IIP data shows an upturn,but for UPA,there is no alternative to pushing envelope on policy reform
The gloom on the economy has declined somewhat,thanks to slightly better IIP data. The year-on-year growth in March was 2.5 per cent. This was not unexpected,as the month-on-month growth of seasonally adjusted IIP had shown a better performance from October 2012 onwards. At the same time,there are two reasons for reining in the optimism. While this is positive growth,2.5 per cent is nothing to boast about. Sustained growth in India requires a substantial investment boom. While there is some improvement in the most recent CMIE investment data about new projects initiated,there is no sign of an investment boom.

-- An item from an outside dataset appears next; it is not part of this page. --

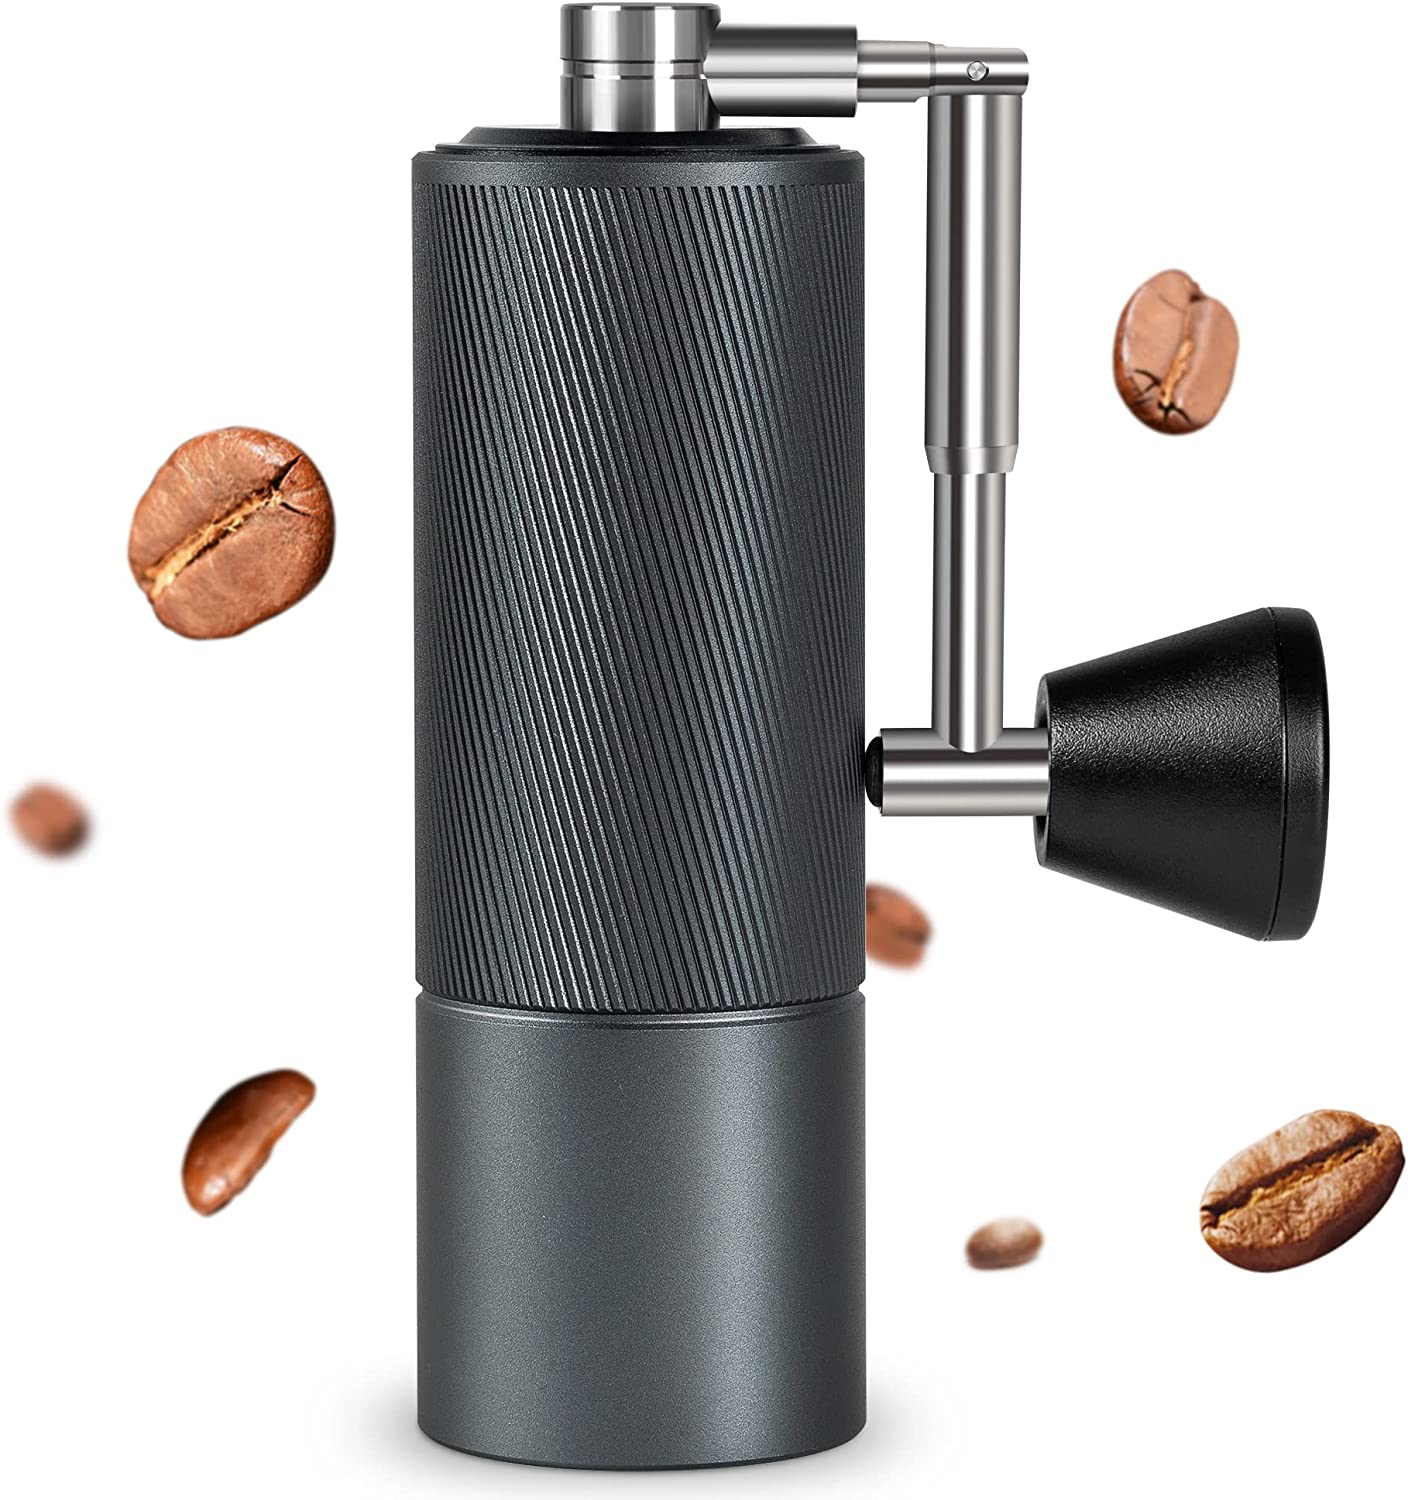 TIMEMORE Chestnut C2 Fold Coffee Grinder Manual with Folding Handle, Adjustable Conical Coffee Grinder, Stainless Steel Hand Coffee Grinder for Pour Over Coffee, French Press, Dark Grey

The UPA inherited 10 per cent GDP growth and 4 per cent inflation,and has converted it into 4 per cent GDP growth and 10 per cent inflation. The UPA now faces two choices. The first consists of lumbering on to elections in May 2014,with a perpetuation of the existing environment of 4 per cent growth and 10 per cent inflation. The second consists of trying to get away from this awful state. There is no ammunition in terms of either fiscal or monetary policy,owing to bad institutional frameworks and past policy mistakes. The only option left is to push the envelope on policy reform. If the UPA is able to deliver on policy reform,this will reassure the private sector,domestic and global,that India has a bright future. Is India a developing country with bad advisers and worse politicians? Or does it have the ability to make policy for a mature market economy? The UPA needs to demonstrate its ability to deliver a good policy framework. At present,considering bills like the proposed food security bill,the signs are not good.